Before riding up the Dempster to Inuvik, I sat through a 20 minute presentation from the Canadian Tourist Bureau in Dawson City. The video showed driving the Dempster to be a walk in the park as you cross the continental divide three times. Well, that may be true when the sun shines 24 hours per day. On my trip, it rained.
I left Dawson City in June '06, gassed up at the Klondike River Lodge and made my first stop at Tombstone Mountain Campground. I spent about an hour looking through the interpretive center and enjoying the day. Continuing north, my next stop was Engineer Creek Campground where the mosquitos attacked en masse. I shared a screened enclosure with some university students for lunch. Back on the gravel, I made my next stop at Ogilvie-Peel Viewpoint where I added some gas for the final ride into Eagle Plains.
The road had been pretty good up to this point. But, I kept my speed under the limit for safety and fuel economy. The facilities at Eagle Plains are 230 miles from The North Klondike Highway and I really didn't know what to expect. It was a welcome relief when it came into view. However, someone watered the highway for dust control and things got a little dicey as I slid into the fuel station.
You can find my review for the Eagle Plains Lodge in the Whitehorse city listing. Why? Perhaps every remote outpost has a postal address in Whitehorse. The physical location is only 530 miles off. I may have forgotten to add that the price of gasoline and cigarettes is the most expensive in North America.

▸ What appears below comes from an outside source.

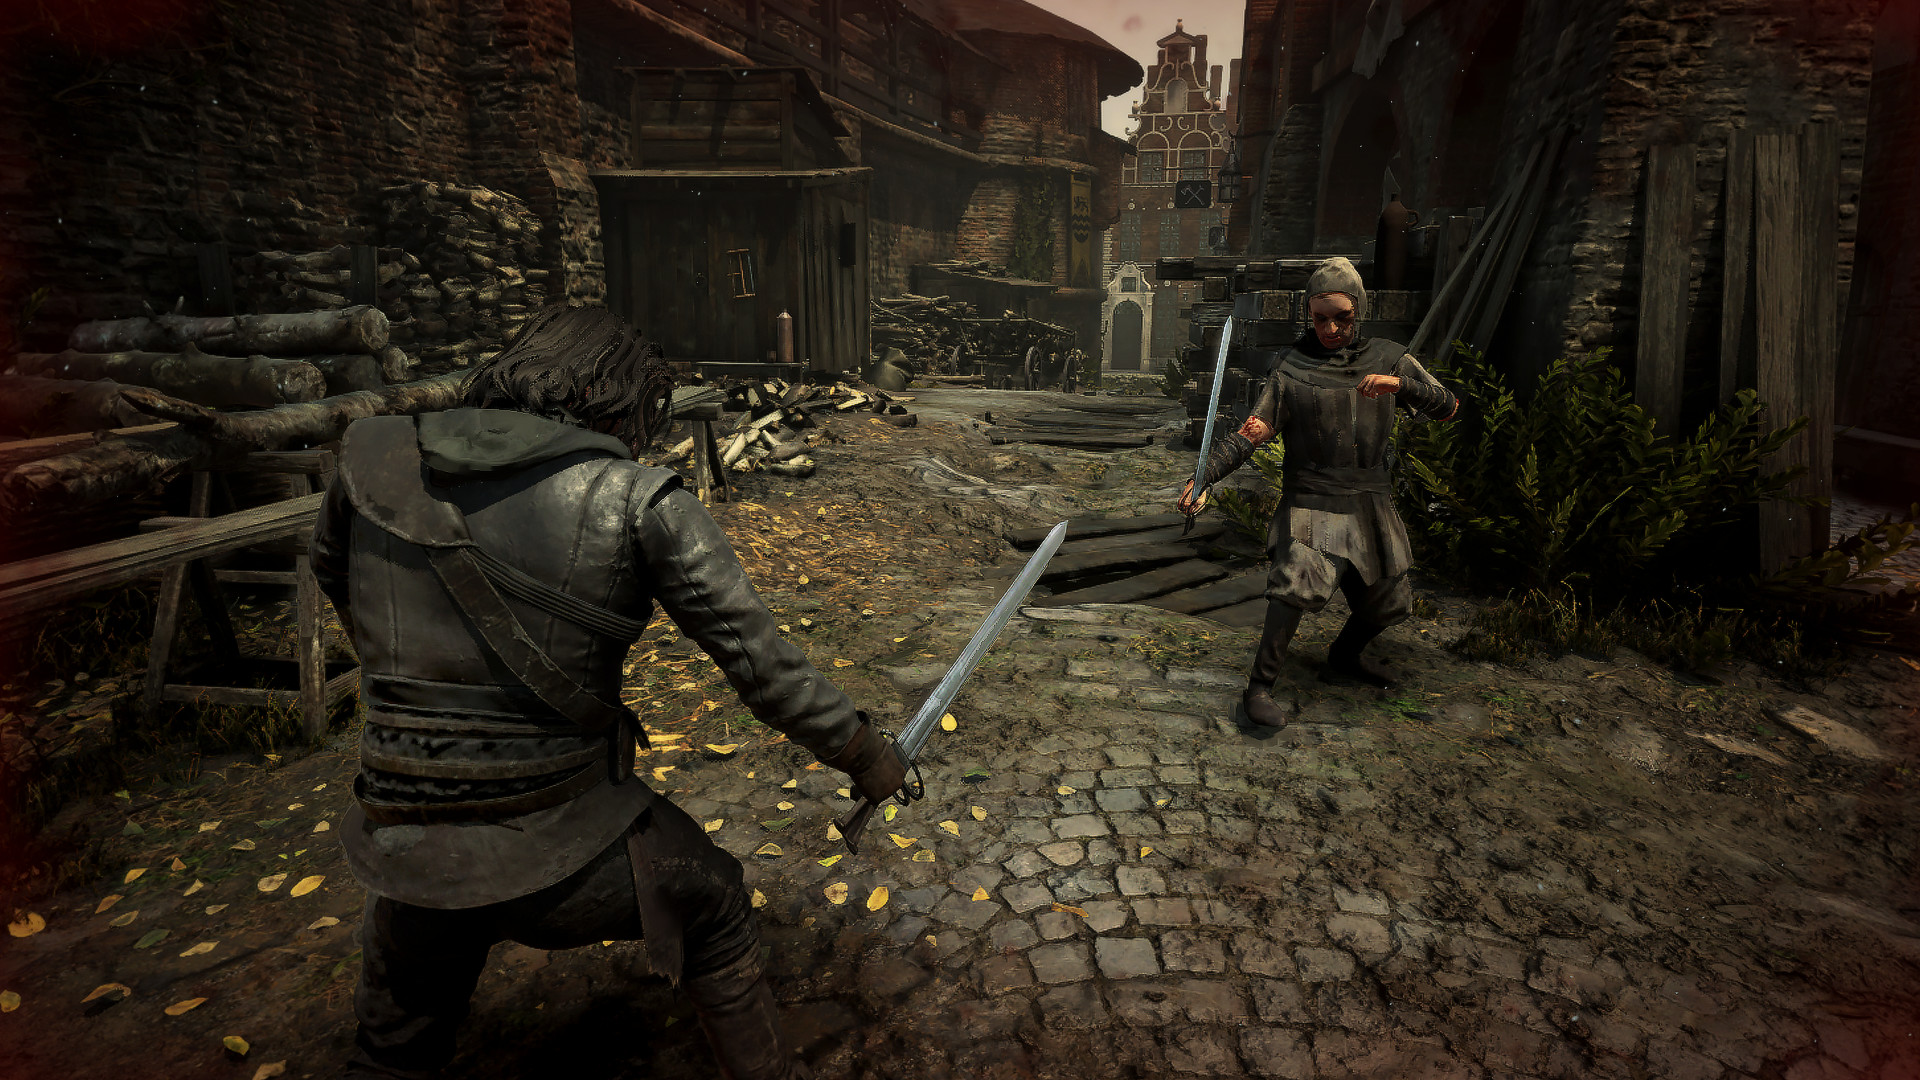 Inquisitor squares off with opponent on cobblestone streets, sword raised
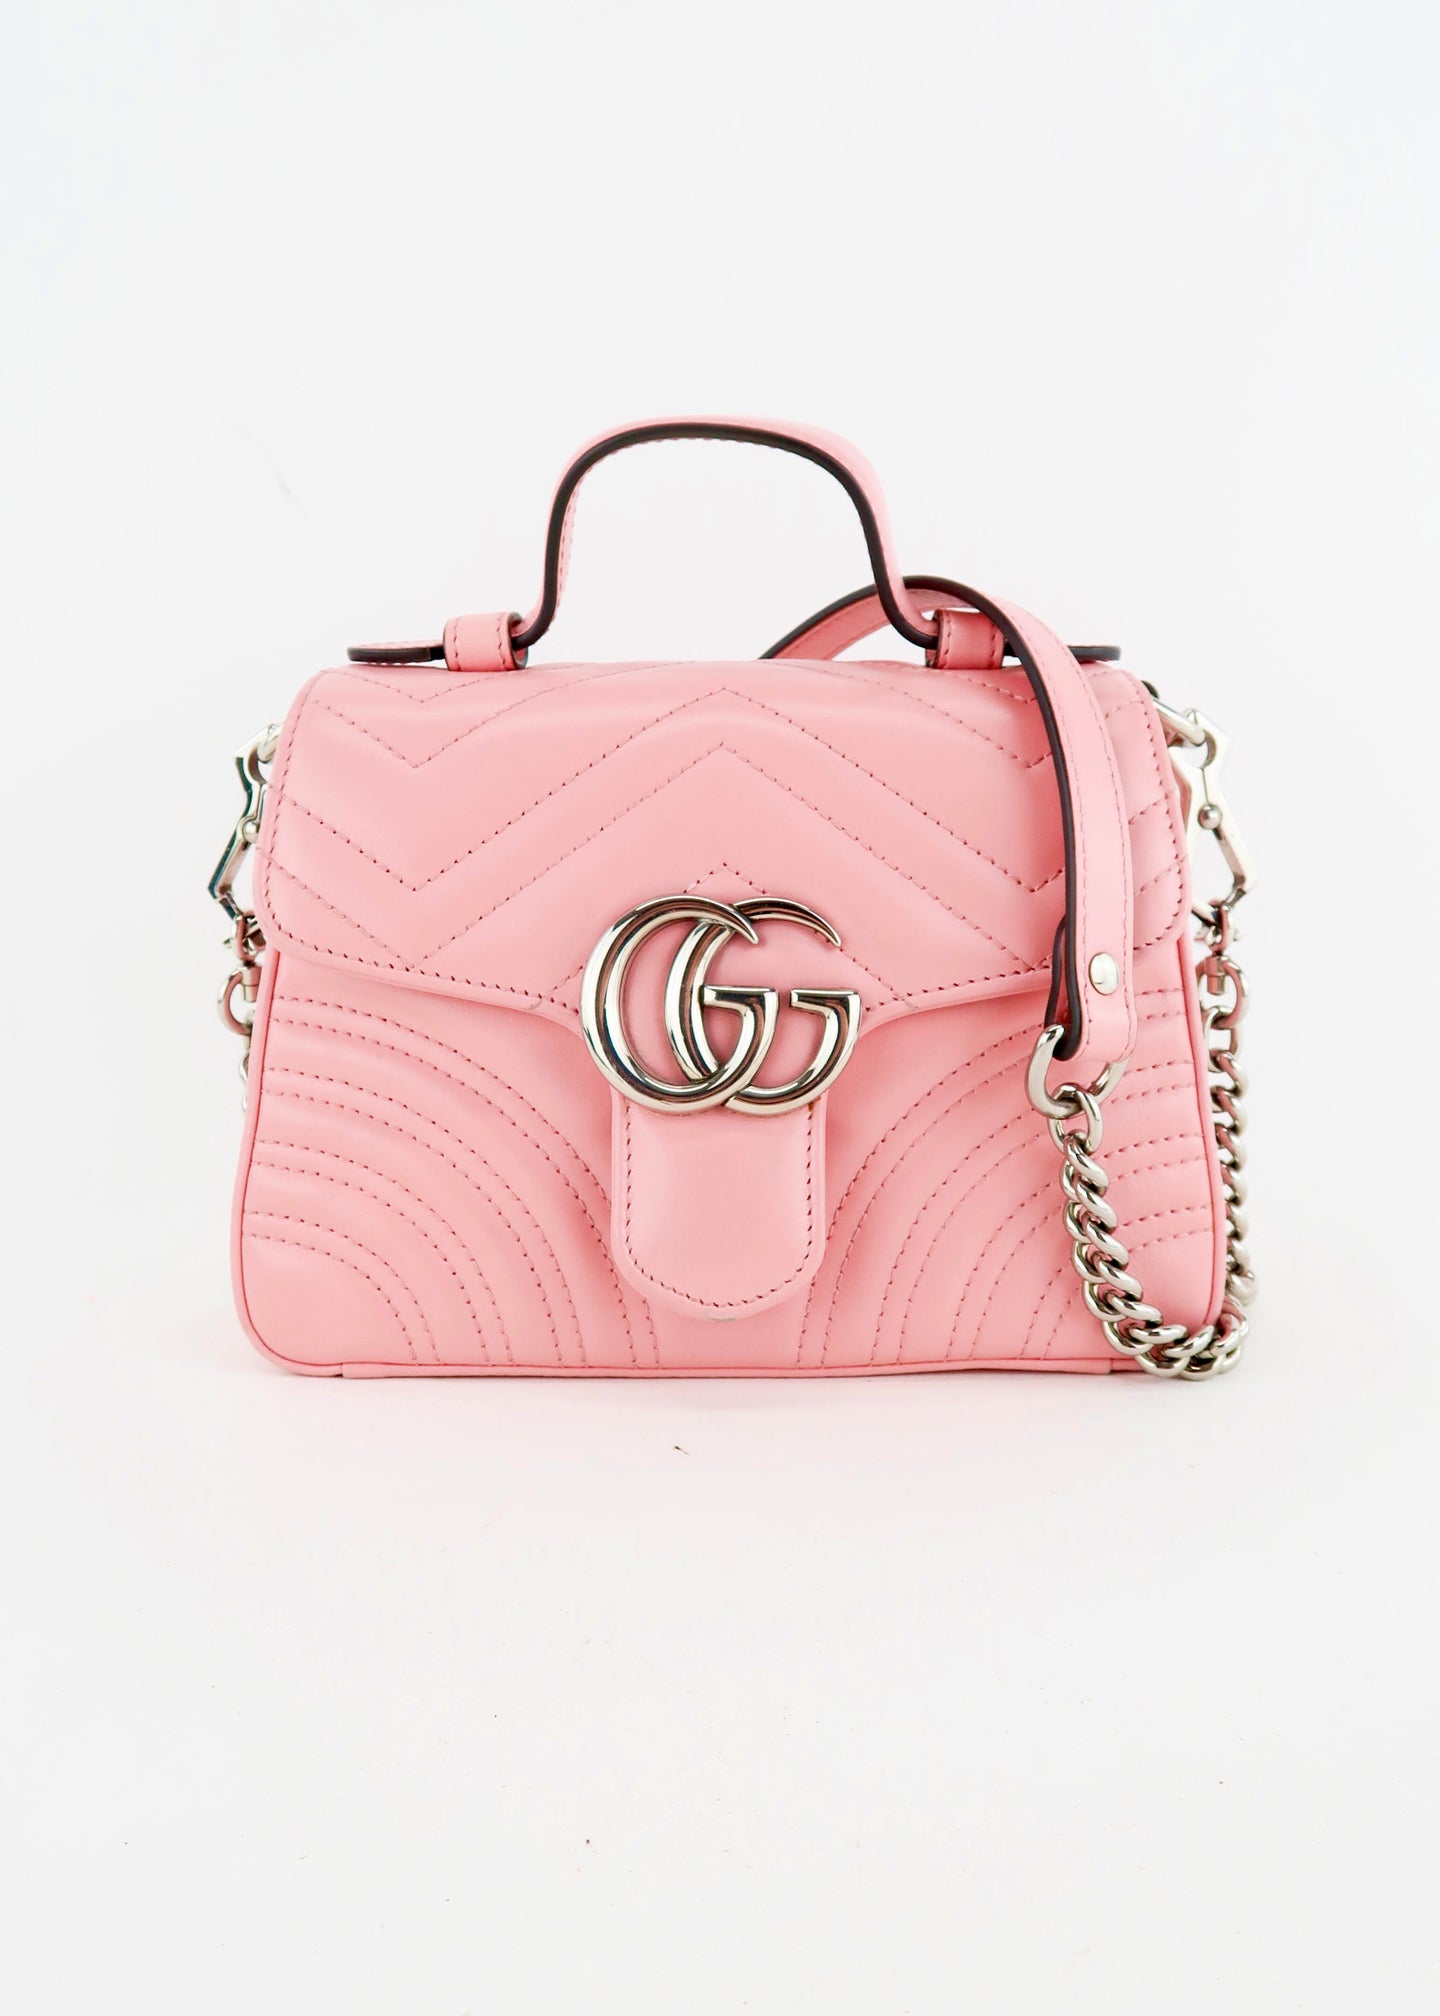 Gucci Marmont Matlasse Top Handle Pink

As it happened, the night I camped was Summer Solstice and I joined a party worshiping the sun behind the lodge. It was a lot of fun singing, drinking and fighting off the mosquitos. We made wagers on when the sun would be lowest on the horizon and 2:30am was the winner.
After a hearty breakfast the next day, my first stop was the Arctic Circle for obligatory photos. I pushed on past the Rock River Campground and made my next stop at the Northwest Territories Border which is near Wright Pass(pic 1). You can see from the picture that the weather might turn and I did pass a little snow on the roadside. Then, it was downhill to Peel River and the free ferry.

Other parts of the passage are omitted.